----- Dataset excerpts -----
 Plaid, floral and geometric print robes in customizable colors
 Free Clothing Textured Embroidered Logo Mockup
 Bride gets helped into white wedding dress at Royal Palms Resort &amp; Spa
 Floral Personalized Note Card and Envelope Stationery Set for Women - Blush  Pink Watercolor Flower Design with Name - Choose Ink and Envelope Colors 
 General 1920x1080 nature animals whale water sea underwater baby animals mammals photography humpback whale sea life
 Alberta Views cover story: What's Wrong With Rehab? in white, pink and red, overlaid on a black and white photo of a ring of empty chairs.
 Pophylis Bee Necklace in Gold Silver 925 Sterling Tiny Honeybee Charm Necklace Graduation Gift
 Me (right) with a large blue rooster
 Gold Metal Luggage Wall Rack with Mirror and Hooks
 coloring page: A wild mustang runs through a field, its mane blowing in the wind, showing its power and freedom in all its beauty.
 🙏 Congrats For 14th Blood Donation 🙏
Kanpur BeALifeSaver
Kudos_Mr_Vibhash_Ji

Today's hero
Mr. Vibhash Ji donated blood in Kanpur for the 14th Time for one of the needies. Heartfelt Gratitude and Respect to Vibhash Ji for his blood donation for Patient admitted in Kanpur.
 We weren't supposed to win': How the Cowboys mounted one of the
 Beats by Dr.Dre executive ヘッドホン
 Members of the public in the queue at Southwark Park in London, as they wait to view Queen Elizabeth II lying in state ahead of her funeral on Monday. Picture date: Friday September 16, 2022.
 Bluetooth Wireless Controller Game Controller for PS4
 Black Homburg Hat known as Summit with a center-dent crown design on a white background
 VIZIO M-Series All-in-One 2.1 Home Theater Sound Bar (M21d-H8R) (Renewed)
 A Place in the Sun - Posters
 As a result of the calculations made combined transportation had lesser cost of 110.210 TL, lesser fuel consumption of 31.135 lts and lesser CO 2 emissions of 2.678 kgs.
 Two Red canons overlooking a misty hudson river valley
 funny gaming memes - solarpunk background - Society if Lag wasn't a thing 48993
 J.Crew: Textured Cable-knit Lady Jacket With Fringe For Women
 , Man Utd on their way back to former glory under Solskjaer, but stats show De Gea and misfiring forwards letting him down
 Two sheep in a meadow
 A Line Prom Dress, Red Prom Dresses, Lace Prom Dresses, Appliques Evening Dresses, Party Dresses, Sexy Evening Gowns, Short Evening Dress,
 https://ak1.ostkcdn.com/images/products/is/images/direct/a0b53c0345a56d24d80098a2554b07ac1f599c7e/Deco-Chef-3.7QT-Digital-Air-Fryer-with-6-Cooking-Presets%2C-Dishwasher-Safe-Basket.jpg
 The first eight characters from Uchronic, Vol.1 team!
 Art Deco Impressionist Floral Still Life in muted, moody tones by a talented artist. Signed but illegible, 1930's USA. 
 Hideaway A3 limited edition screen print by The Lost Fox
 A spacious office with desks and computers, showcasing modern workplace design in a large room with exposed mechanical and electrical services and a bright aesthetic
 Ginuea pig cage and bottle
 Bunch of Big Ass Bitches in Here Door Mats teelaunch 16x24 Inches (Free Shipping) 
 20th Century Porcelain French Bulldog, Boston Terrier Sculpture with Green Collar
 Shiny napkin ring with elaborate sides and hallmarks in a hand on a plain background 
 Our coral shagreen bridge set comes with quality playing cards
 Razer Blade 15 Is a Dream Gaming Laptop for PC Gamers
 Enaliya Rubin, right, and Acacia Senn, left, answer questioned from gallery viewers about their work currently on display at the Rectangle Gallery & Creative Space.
-----
Instructions to follow.
Each line of the data must be retyped exactly.

Answer for this exercise.
 Plaid, floral and geometric print robes in customizable colors
 Free Clothing Textured Embroidered Logo Mockup
 Bride gets helped into white wedding dress at Royal Palms Resort &amp; Spa
 Floral Personalized Note Card and Envelope Stationery Set for Women - Blush  Pink Watercolor Flower Design with Name - Choose Ink and Envelope Colors 
 General 1920x1080 nature animals whale water sea underwater baby animals mammals photography humpback whale sea life
 Alberta Views cover story: What's Wrong With Rehab? in white, pink and red, overlaid on a black and white photo of a ring of empty chairs.
 Pophylis Bee Necklace in Gold Silver 925 Sterling Tiny Honeybee Charm Necklace Graduation Gift
 Me (right) with a large blue rooster
 Gold Metal Luggage Wall Rack with Mirror and Hooks
 coloring page: A wild mustang runs through a field, its mane blowing in the wind, showing its power and freedom in all its beauty.
 🙏 Congrats For 14th Blood Donation 🙏
Kanpur BeALifeSaver
Kudos_Mr_Vibhash_Ji

Today's hero
Mr. Vibhash Ji donated blood in Kanpur for the 14th Time for one of the needies. Heartfelt Gratitude and Respect to Vibhash Ji for his blood donation for Patient admitted in Kanpur.
 We weren't supposed to win': How the Cowboys mounted one of the
 Beats by Dr.Dre executive ヘッドホン
 Members of the public in the queue at Southwark Park in London, as they wait to view Queen Elizabeth II lying in state ahead of her funeral on Monday. Picture date: Friday September 16, 2022.
 Bluetooth Wireless Controller Game Controller for PS4
 Black Homburg Hat known as Summit with a center-dent crown design on a white background
 VIZIO M-Series All-in-One 2.1 Home Theater Sound Bar (M21d-H8R) (Renewed)
 A Place in the Sun - Posters
 As a result of the calculations made combined transportation had lesser cost of 110.210 TL, lesser fuel consumption of 31.135 lts and lesser CO 2 emissions of 2.678 kgs.
 Two Red canons overlooking a misty hudson river valley
 funny gaming memes - solarpunk background - Society if Lag wasn't a thing 48993
 J.Crew: Textured Cable-knit Lady Jacket With Fringe For Women
 , Man Utd on their way back to former glory under Solskjaer, but stats show De Gea and misfiring forwards letting him down
 Two sheep in a meadow
 A Line Prom Dress, Red Prom Dresses, Lace Prom Dresses, Appliques Evening Dresses, Party Dresses, Sexy Evening Gowns, Short Evening Dress,
 https://ak1.ostkcdn.com/images/products/is/images/direct/a0b53c0345a56d24d80098a2554b07ac1f599c7e/Deco-Chef-3.7QT-Digital-Air-Fryer-with-6-Cooking-Presets%2C-Dishwasher-Safe-Basket.jpg
 The first eight characters from Uchronic, Vol.1 team!
 Art Deco Impressionist Floral Still Life in muted, moody tones by a talented artist. Signed but illegible, 1930's USA. 
 Hideaway A3 limited edition screen print by The Lost Fox
 A spacious office with desks and computers, showcasing modern workplace design in a large room with exposed mechanical and electrical services and a bright aesthetic
 Ginuea pig cage and bottle
 Bunch of Big Ass Bitches in Here Door Mats teelaunch 16x24 Inches (Free Shipping) 
 20th Century Porcelain French Bulldog, Boston Terrier Sculpture with Green Collar
 Shiny napkin ring with elaborate sides and hallmarks in a hand on a plain background 
 Our coral shagreen bridge set comes with quality playing cards
 Razer Blade 15 Is a Dream Gaming Laptop for PC Gamers
 Enaliya Rubin, right, and Acacia Senn, left, answer questioned from gallery viewers about their work currently on display at the Rectangle Gallery & Creative Space.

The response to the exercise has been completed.